Supplied information:
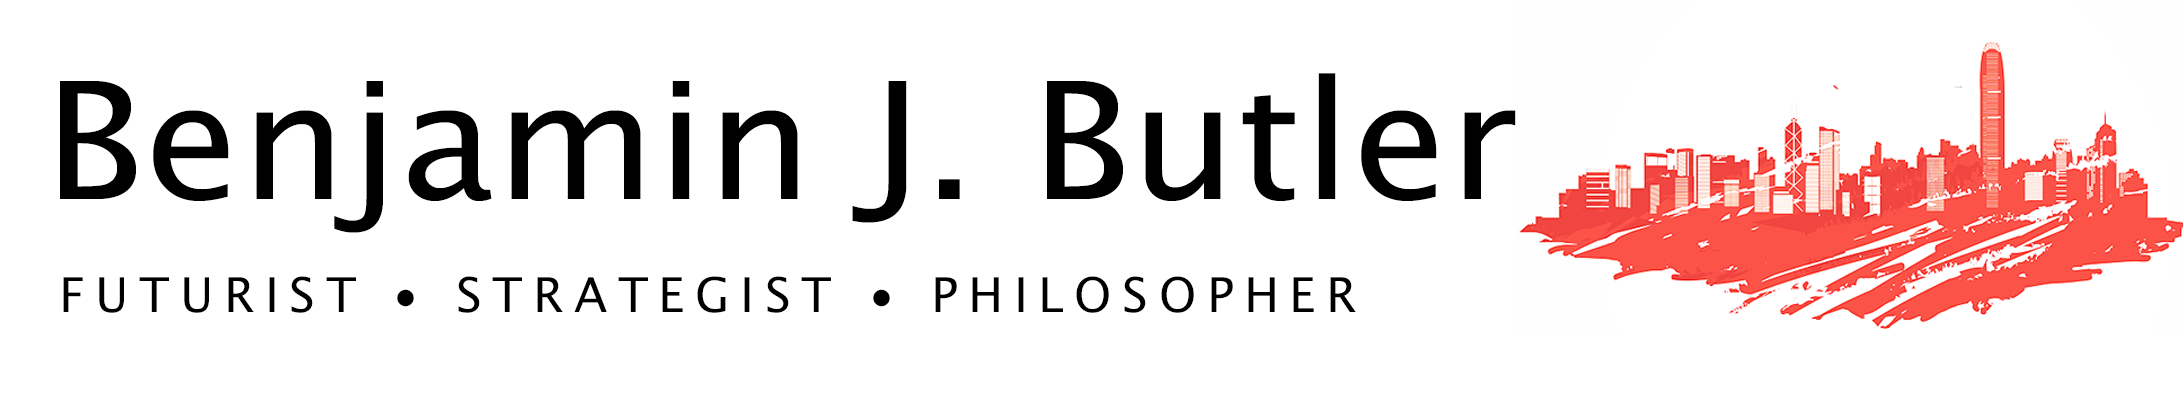 Benjamin J Butler - Futurist
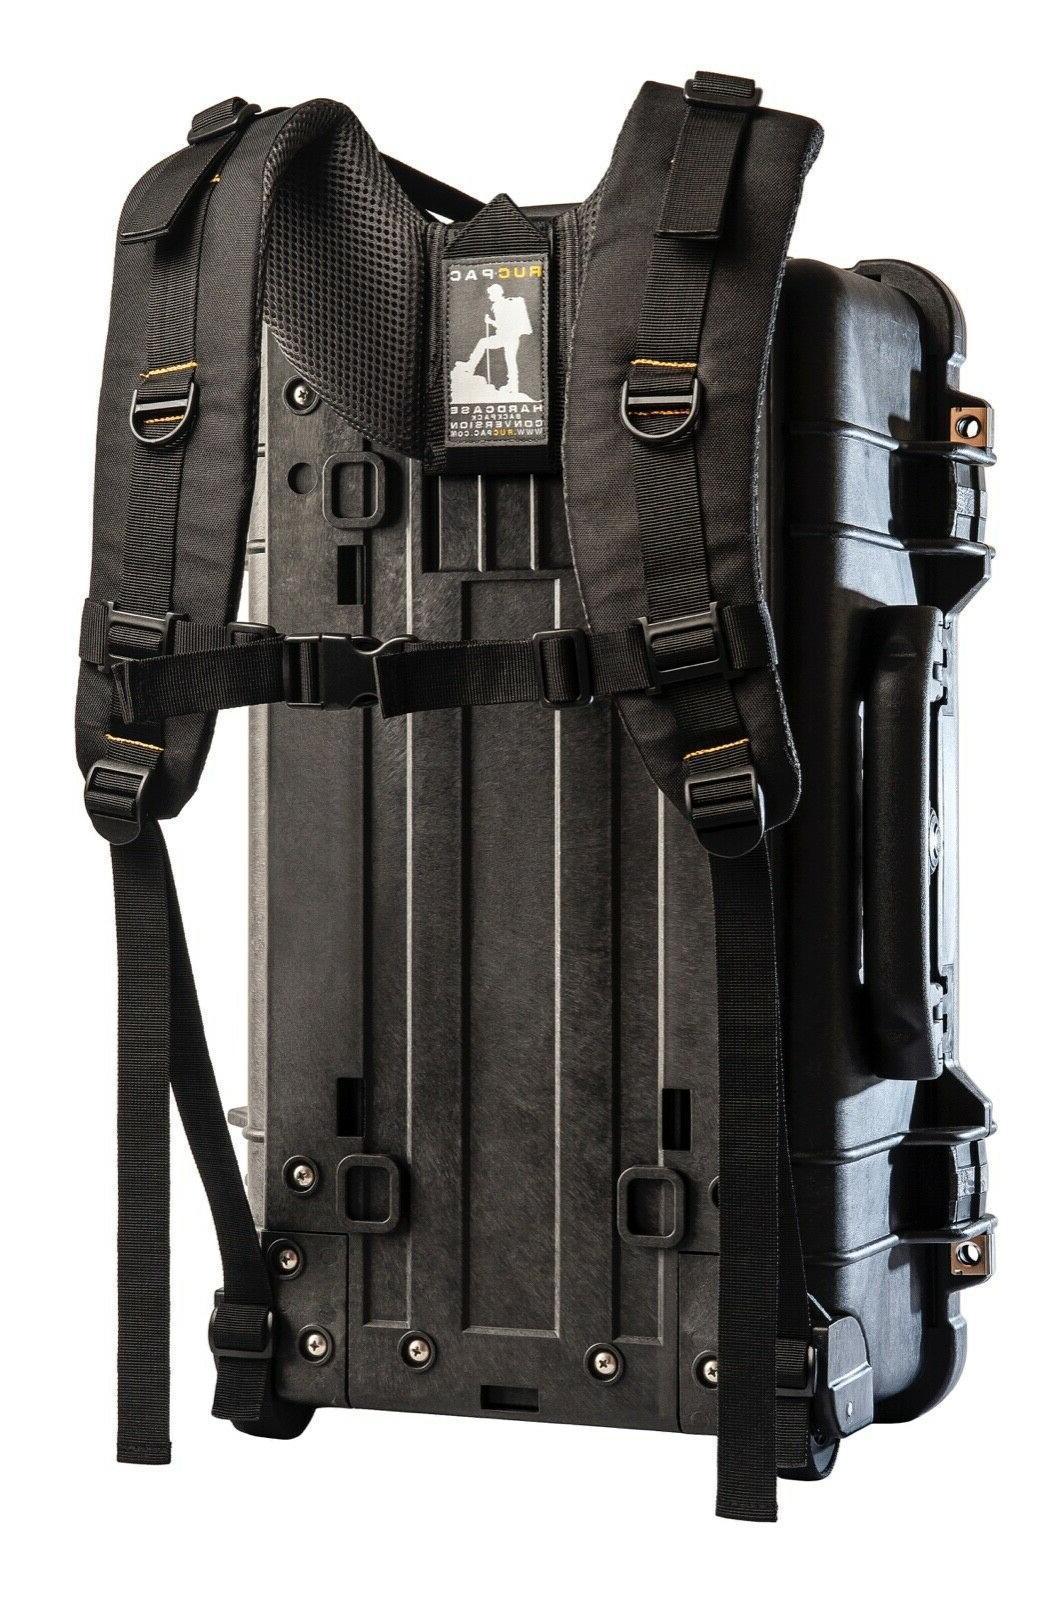 e39cee7e36 RucPac Hardcase Backpack Conversion for Peli/Pelican 1510/1535/1560+/ &
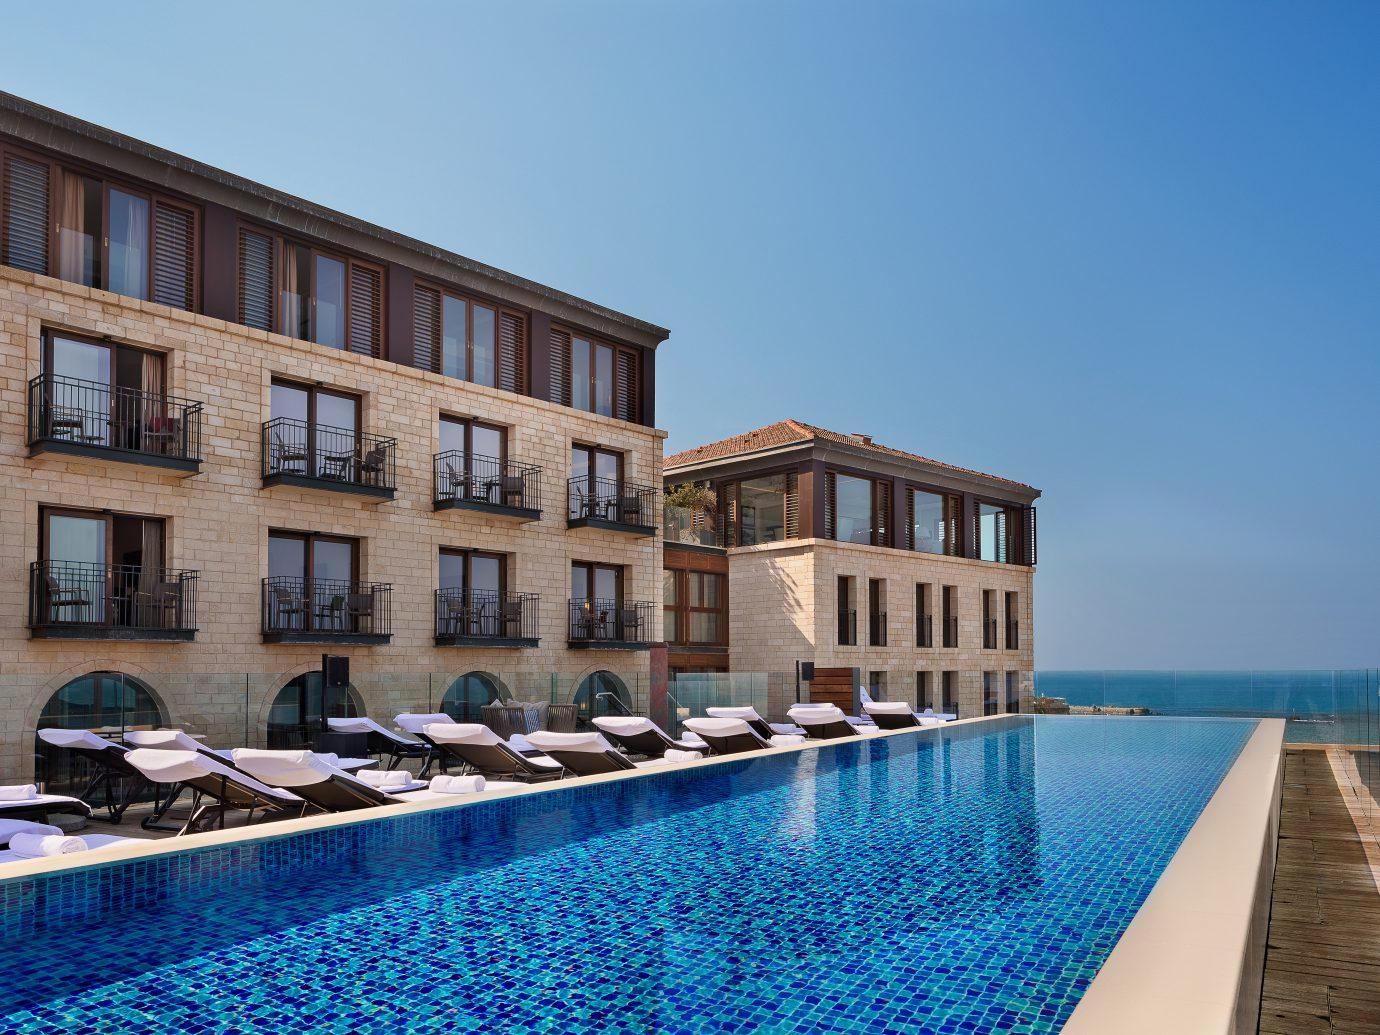 pool at Setai Tel Aviv, Israel
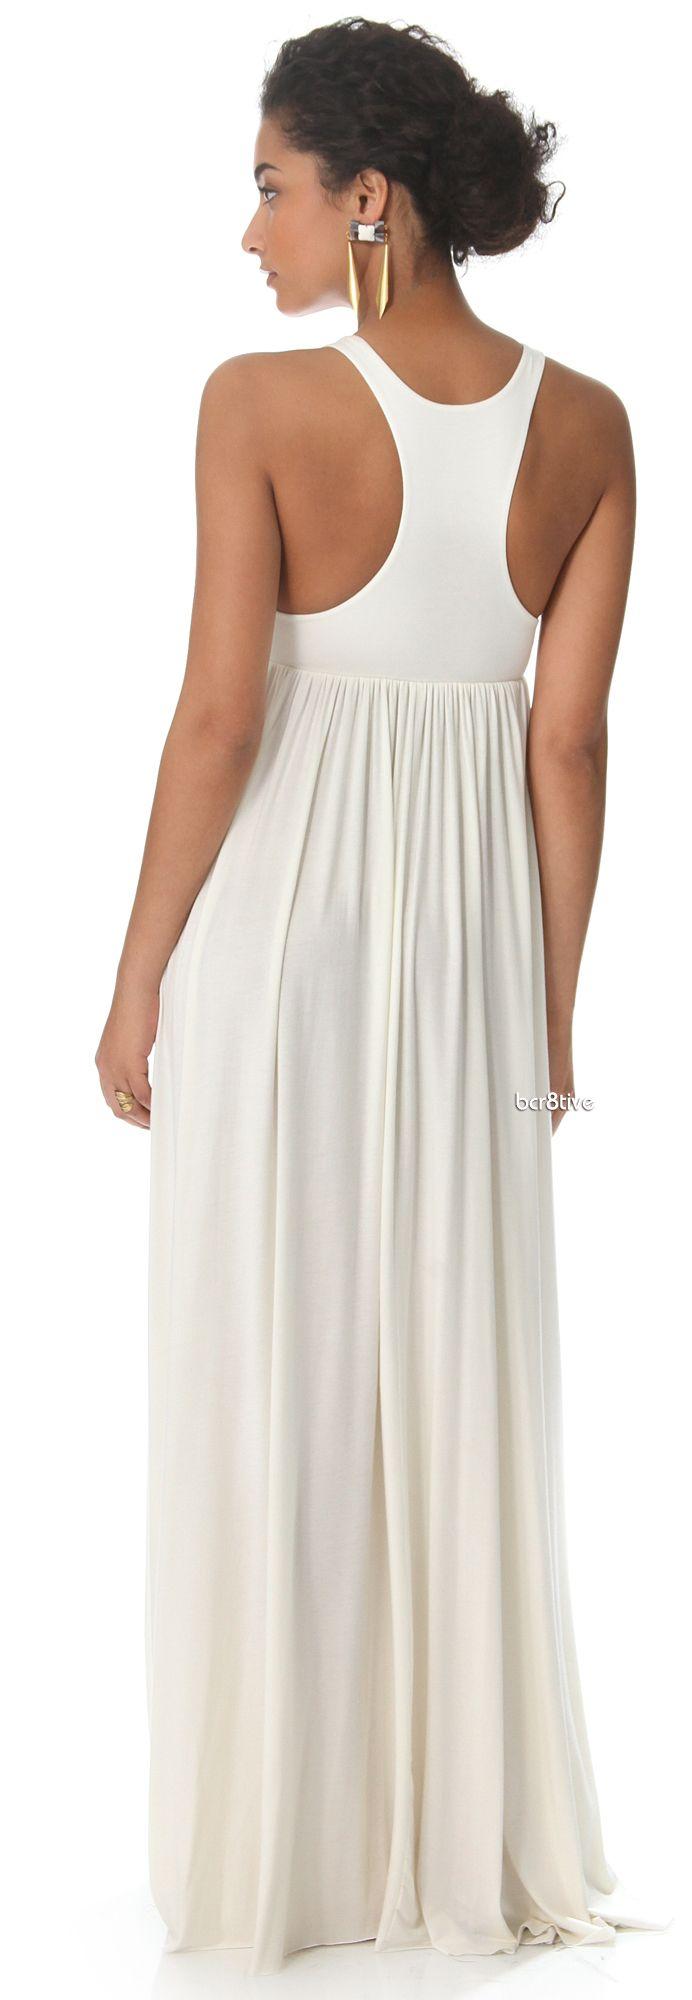 Rachel Pally Anya Maxi Dress -  Shopbop

Problem requirements:
Would it be possible to reproduce the material word for word, images omitted?

Exercise response:
 Benjamin J Butler - Futurist
 e39cee7e36 RucPac Hardcase Backpack Conversion for Peli/Pelican 1510/1535/1560+/ &
 pool at Setai Tel Aviv, Israel
 Rachel Pally Anya Maxi Dress -  Shopbop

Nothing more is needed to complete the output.